James O. Prochaska, Director of the Cancer Prevention Research Center at the University of Rhode Island, next argued that much social marketing work to date dealing with problem behaviors has had very limited success. He suggested that, as a result, there is now a paradigm shift from an action paradigm to a stage paradigm for behavior change. The stage model, which he and his colleagues have spent several years developing, involves progression through five stages: precontemplation, contemplation, preparation, action and maintenance. Different processes of change are used to progress through each of these stages. Applications of the model demonstrate how stage-based social marketing procedures have increased participation rates from 1 to 5% of eligible subjects in action programs to 65 to 75% with stage-matched programs. The model's application to issues of program retention, resistance, relapse, and recovery from high risk behaviors was described.

Martin Fishbein, University of Illinois and Centers for Disease Control and Prevention, next described the development of theory-based community interventions to reduce AIDS risk behaviors by the CDC's AIDS community intervention demonstration project.
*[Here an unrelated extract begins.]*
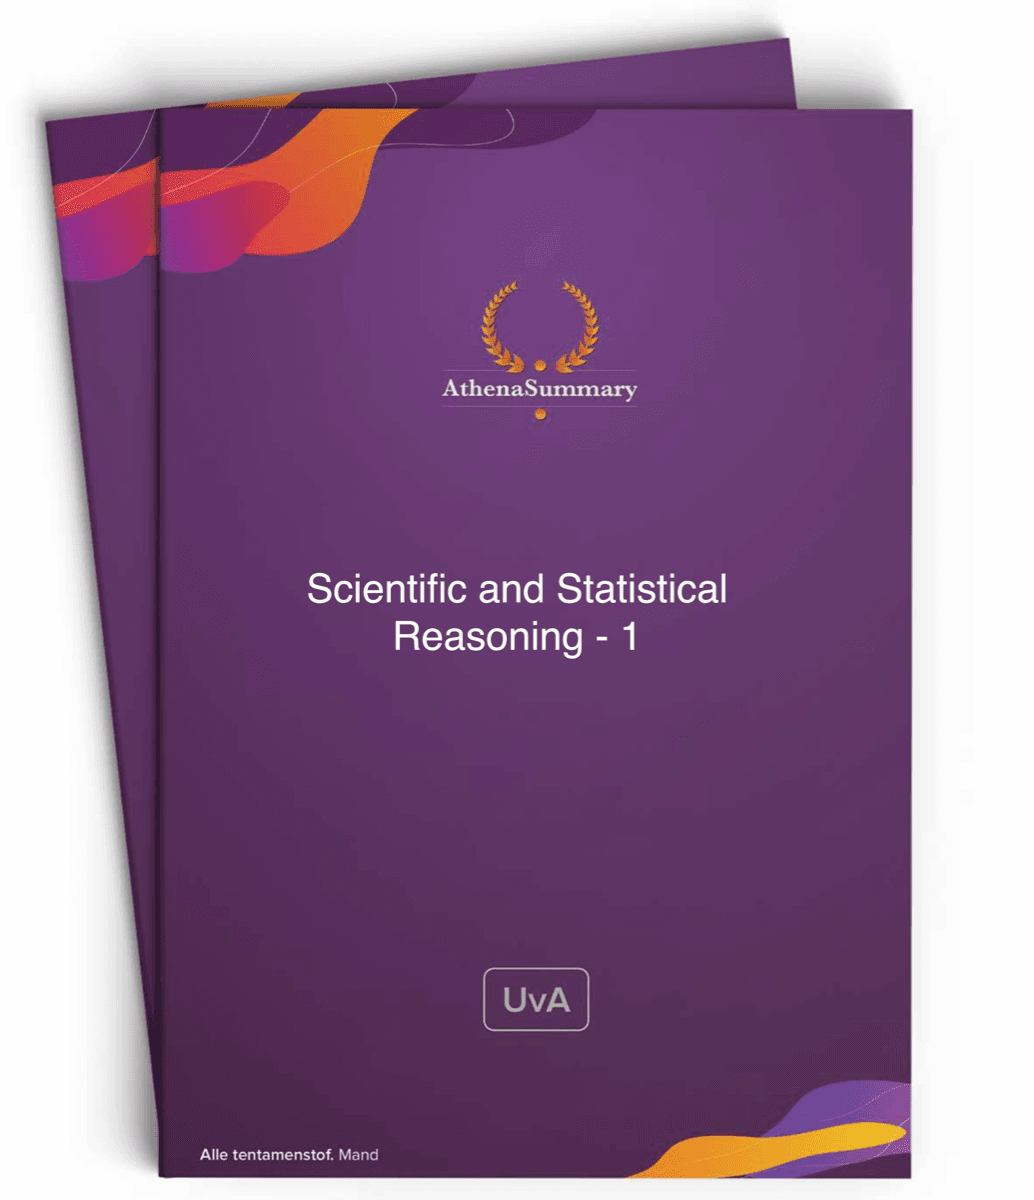 Literature Summary: Scientific and Statistical Reasoning - 1
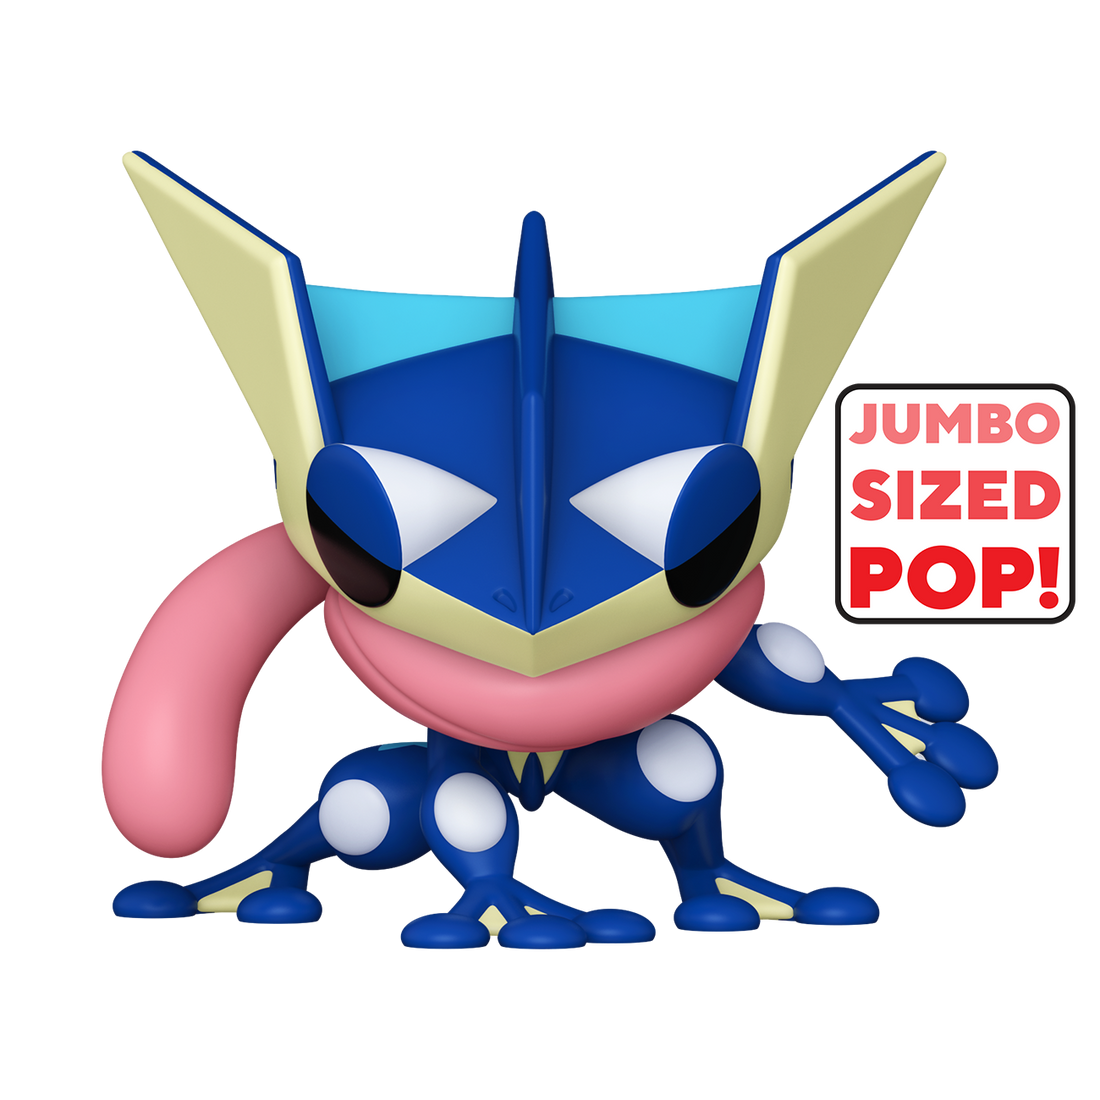 Funko Pop! Games Jumbo Sized Pokemon 908 Greninja Funko

This intervention is in five urban areas and is designed to increase condom use in a number of ethnically-diverse, high risk populations: men who have sex with men but who do not identify themselves as gay, intravenous drug users (IDUs), female sex partners of IDUs, prostitutes, and street youth. Dr. Fishbein's paper provided an overview of this project and data demonstrating the validity of the theory underlying the interventions.

The final paper was presented by Robert Hornik of the Annenberg School of Communications, University of Pennsylvania. Dr. Hornik described in detail many of the lessons learned from ten HEALTHCOM projects in eight countries. The sixteen interventions (some sites included more than one topic) addressed a variety of child survival related practices, most often the use of oral rehydration therapy and vaccinations. Paired before-after surveys of large representative samples of caretakers of young children were undertaken, supplemented in some sites by time series or control area data. Overall, nine of the sixteen evaluated outcomes indicated substantial success, with absolute increases of 12-24% of the population doing recommended behaviors. There is credible evidence that observed changes were the result of the communications interventions.

The paper also considered why some programs were successful and others were not. Both cross-site evidence and evidence from individual programs support four broad explanations for relative success: (1) ensuring that health communication programs fit with opportunities to put the recommendations into practice: program success was constrained by limitations in complementary delivery of health services; (2) choosing channels that reach audiences; programs were more most successful when they reached 60% or more of the population with their messages which was easiest to do with mass media channels; (3) choosing specific messages that are relevant to the behavior, and (4) building an agency capable of creating a coherent health communication system rather than just producing educational materials. The HEALTHCOM project has shown the possibility of doing large scale social marketing in developing countries effectively, reaching much of the target population and achieving substantial behavior change.